South London NHS Trust to enter administration after losing £1 million every week

The Queen Elizabeth Hospital is one of three run by the South London Healthcare NHS Trust. Credit: ITN

A hospital trust that has been losing £1 million a week is to be put in special measures as Health Secretary Andrew Lansley seeks to turn around its dire finances.

South London Healthcare NHS Trust will be the first in the country to be put under the control of a special administrator tasked with putting it on a viable footing.

The trust, which runs three hospitals, has been criticised over standards of care and has run up deficits of more than £150 million over the past three years.

Despite efforts to improve its financial performance, it is still thought to be on track to lose between £30 and £75 million a year for the next five years.
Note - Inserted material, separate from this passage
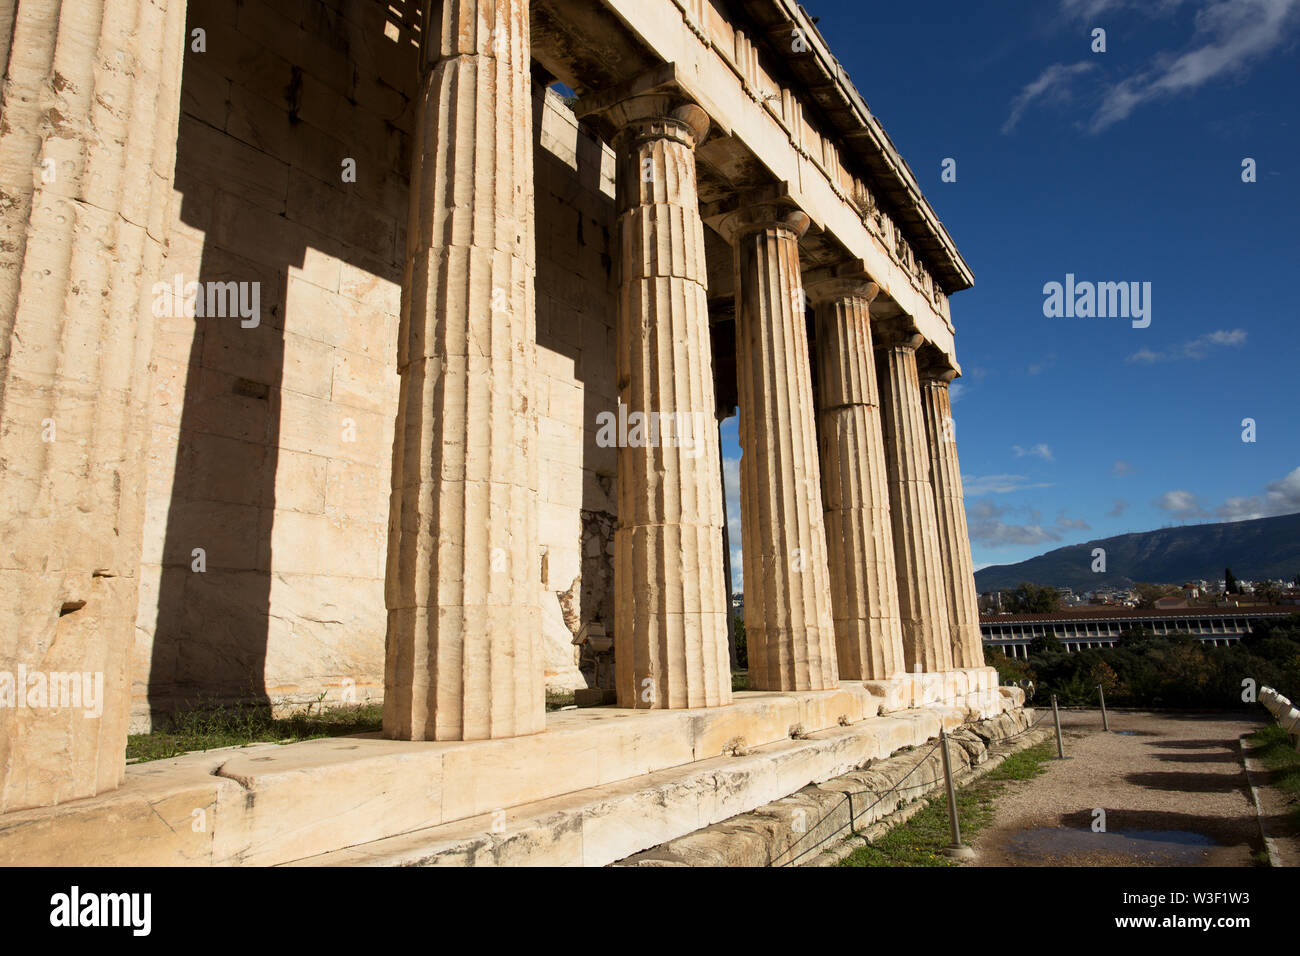 Keywords: hephaestus, temple, greece, athens, ancient, agora, acropolis, greek, historic, old, travel, architecture, city, tourism, culture, europe, h - Stock Image

Political Correspondent Libby Wiener looks in to the future of three hospitals that may be facing closure:

Its chief executive was informed last night that the trust is likely to be put into the "unsustainable providers regime" which was introduced by the last Labour government but never before used.

Mr Lansley sent a letter as the first step in the legal process towards installing a special administrator using the powers.

The administrator will take over the board and recommend measures to the Health Secretary to put the trust's finances on a sustainable basis.

The South London Healthcare NHS Trust runs three hospitals:

  • Queen Mary's in Sidcup

  • The Queen Elizabeth in Woolwich

  • The Princess Royal University Hospital in Bromley

It released a statement this evening reassuring patients that services would continue as normal.

Mergers 'made problems worse'

Sources close to Mr Lansley said long-standing difficulties had been made worse by Labour's merger of the three hospitals' smaller trusts in April 2009 and by two PFI deals that are now costing £61 million a year in interest.

They said the hospital's deficit last year - covered by money from elsewhere in the NHS budget - was equivalent to the salaries of 1,200 nurses or 200 hip replacements a week.

In his letter Mr Lansley wrote:

He acknowledged the move would be "unsettling for staff" but said the measures were necessary to ensure hospital services in south east London had "a sustainable future".

Other NHS trusts that are trying to improve their financial situation may also face being put in special measures if they do not make progress quickly enough.